Early life and education 
Ioannides was born in Canberra, Australia and grew up in England. Her father, Ayis Ioannides, is a conductor and composer of Greek Cypriot ancestry. Her mother, Gwyneth Woollard, is of Scottish ancestry. Studying violin, piano and French horn from an early age, she entered Oxford University on an instrumental scholarship earning a Bachelor of Arts and Masters of Music degree from The Guildhall School of Music and Drama. She completed a Diploma in Conducting at the Curtis Institute of Music on a Fulbright scholarship and studied in St. Petersburg on a Presser Foundation Scholarship. She earned a Master of Music in conducting from the Juilliard School where she was assistant conductor to Otto-Werner Mueller.

Early career 
While at Oxford, Ioannides took her first position as Music Director at the age of 19 with Oxford Philharmonia and Music Director of Oxford University Opera leading the European premiere of Stephen Paulus’ The Woodlanders.

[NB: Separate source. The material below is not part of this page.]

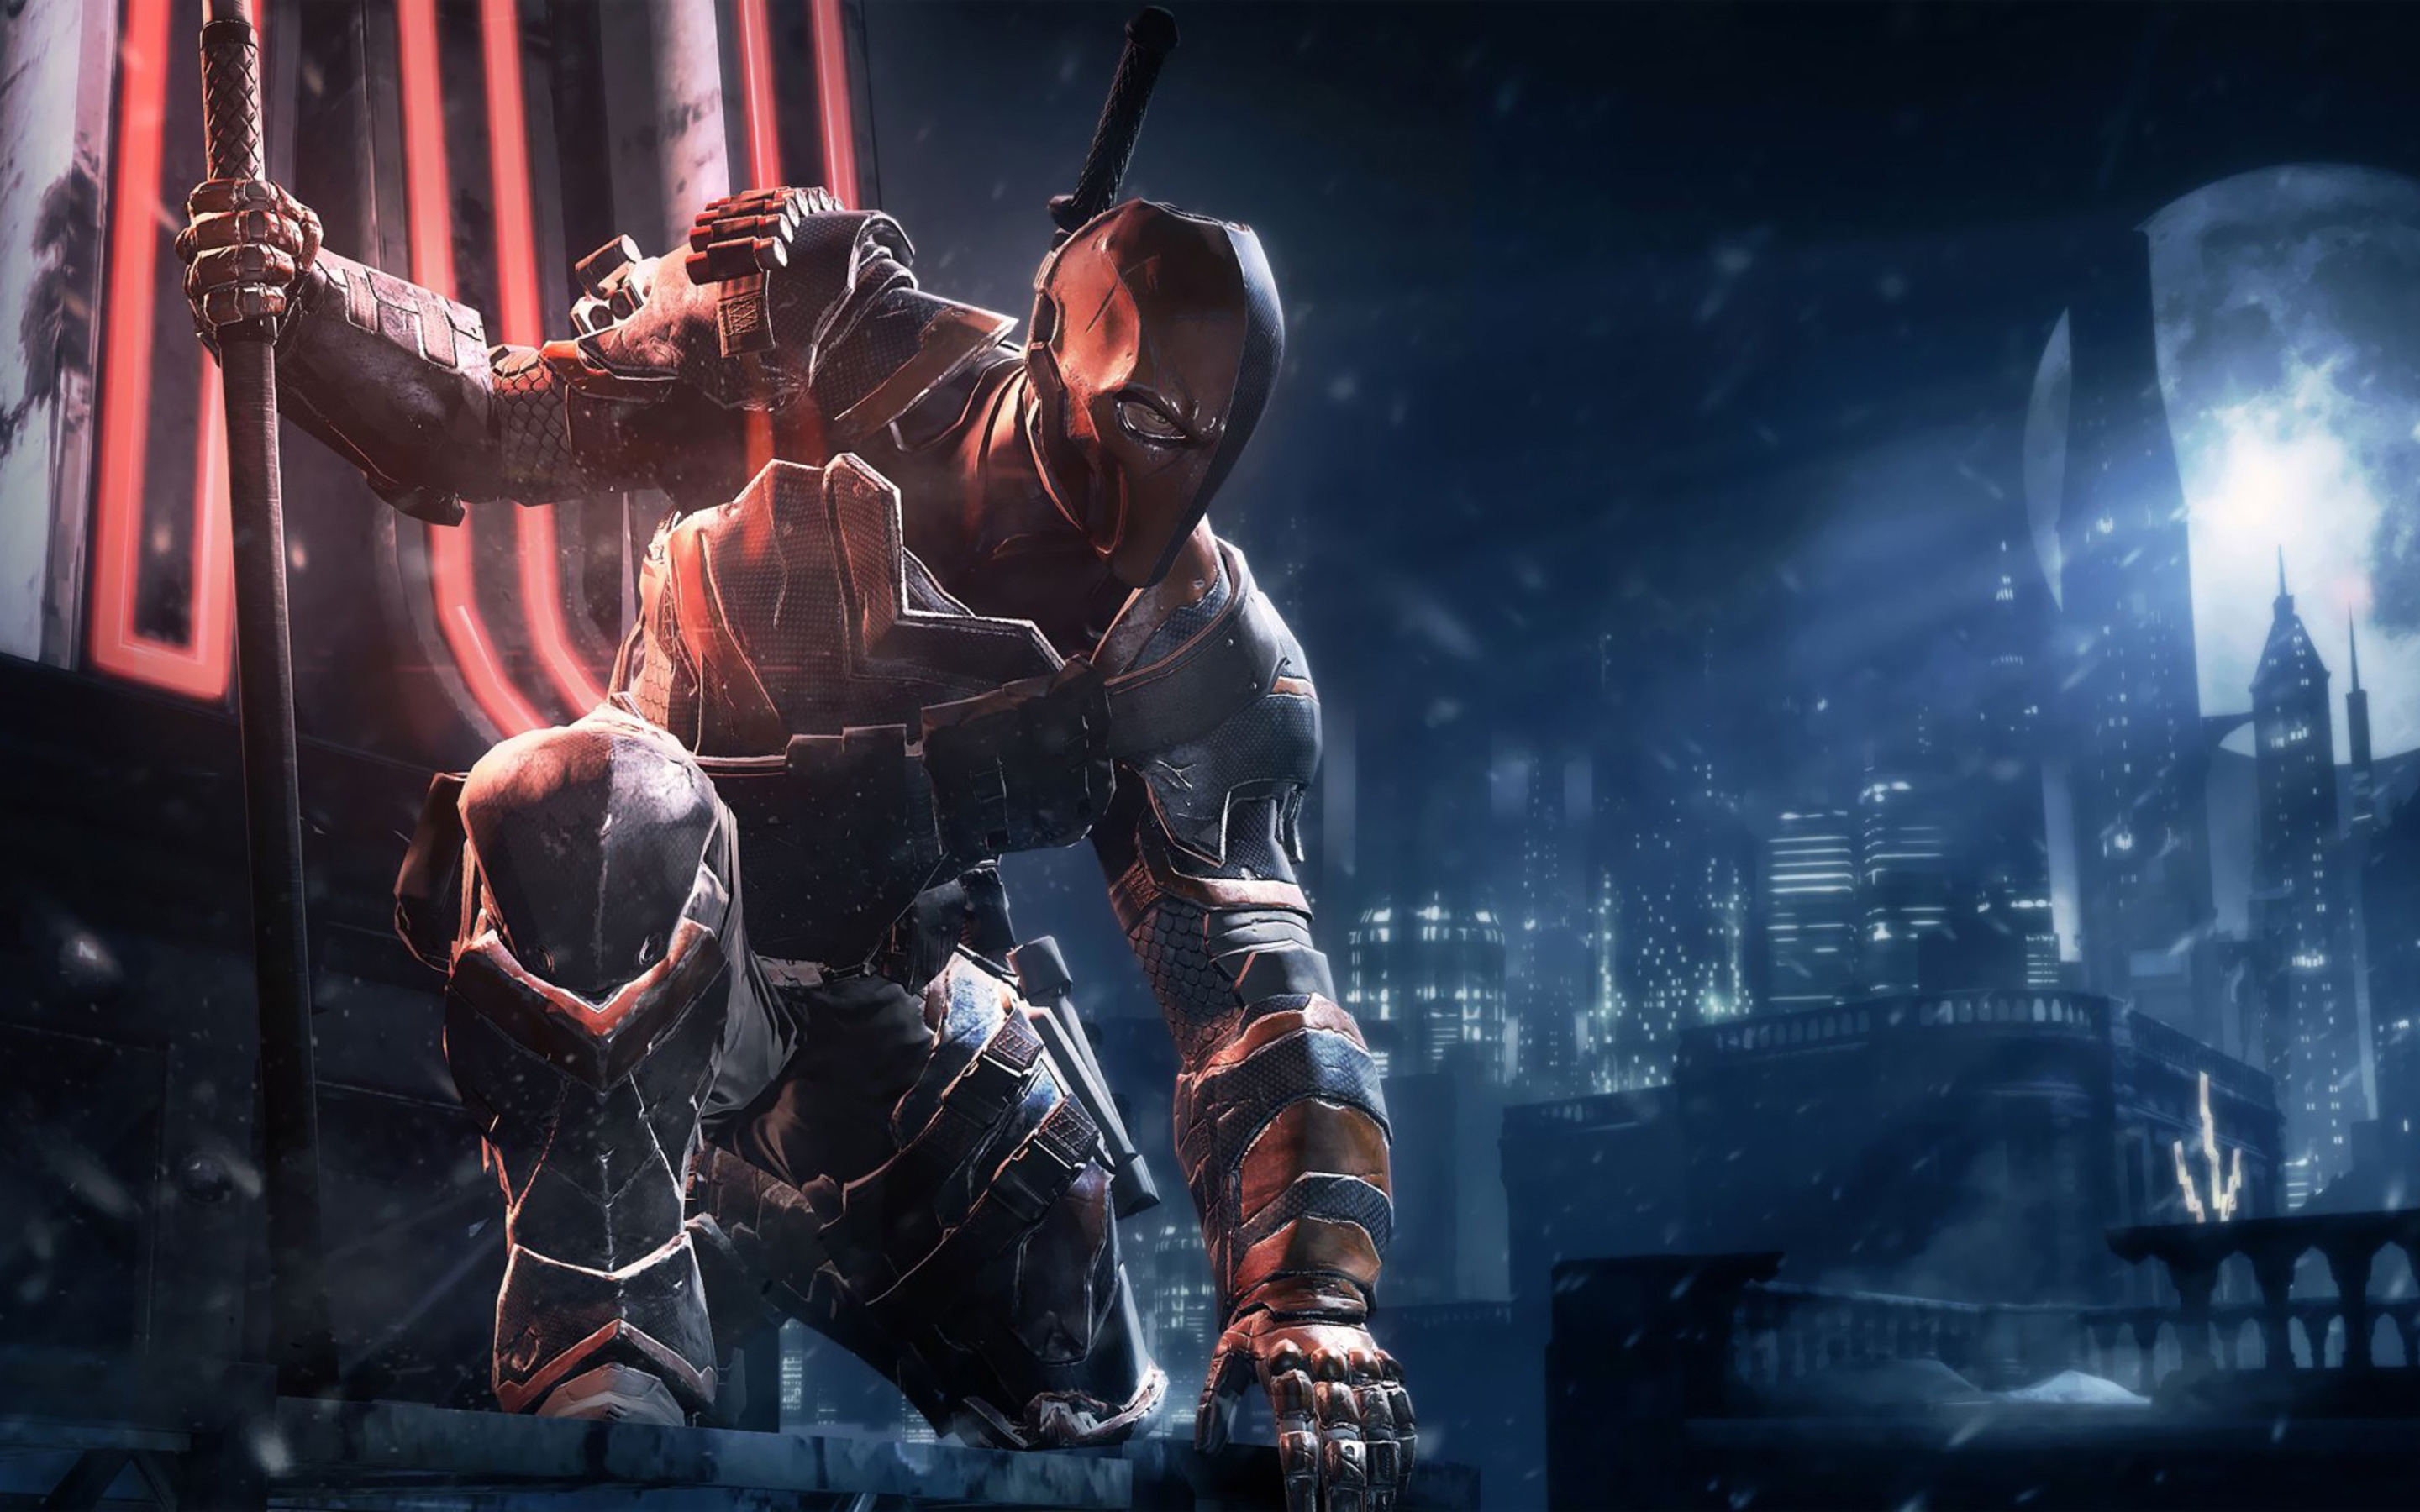 Deathstroke for 2880 x 1800 Retina Display resolution

Serving as assistant conductor and productor coordinator to Tan Dun from 1999 to 2003, Ioannides was responsible for orchestra preparation, directing choirs, and coordinating productions on international tours with him. From 2002 to 2004, she was assistant conductor of the Cincinnati Symphony Orchestra and music director of the Cincinnati Symphony Youth Orchestra.

Music Director Positions 
From 2005 to 2011, Ioannides was music director of the El Paso Symphony Orchestra. During her tenure, she expanded the contemporary repertoire of the orchestra, directed and commissioned films for live orchestral multimedia performances.  

Ioannides also became music director of the Spartanburg Philharmonic Orchestra in 2005, serving in that position until 2017. During her time there, she focused on expanding the orchestra's partnerships with local school and arts organizations, School of the Deaf and the Blind, Ballet Spartanburg, and Spartanburg Day School, and launched a new chamber music series featuring the orchestra's principal players as well as co-commissioning a new percussion concerto by Australien composer Sean O’Boyle for Evelyn Glennie. 

In 2014, Symphony Tacoma announced the appointment of Ioannides as its next music director, with an initial contract of 5 years that was later extended through the 2023-2024 season. She has expanded Symphony Tacoma's repertoire with more diverse composers and guest artists and led new artistic and educational endeavors in the community. During the 2020-21 season, Ioannides developed extensive digital content, including the production of Symphony Tacoma's Encore Series, a curated selection of online performances founded on work from her previous six seasons with the orchestra.

In 2018, Ioannides became the founding artistic director of the Cascade Conducting Institute, a week-long international masterclass held in partnership with Symphony Tacoma. Since 2016, she has coached conductors and led new music performances for the Curtis Institute of Music. 

Ioannides has conducted orchestras, festivals and opera around the world, including Bilbao Symphony Orchestra, Royal Philharmonic Orchestra, Tonkünstler, Orchestre Nationale de Lyon, Daejeon Philharmonic, Metamorphosis Festival, Perth Festival, National Symphony of Colombia, Cincinnati and Seattle Symphony.

Advocacy 
Ioannides is an advocate for new music with a particular focus on collaborative projects and multimedia projects. She has conducted over forty world premieres, including works by Stephen Paulus, Marie Samuelsson, Hannah Lash, Richard Danielpour, Dario Marianelli, and Claudio Constantini. 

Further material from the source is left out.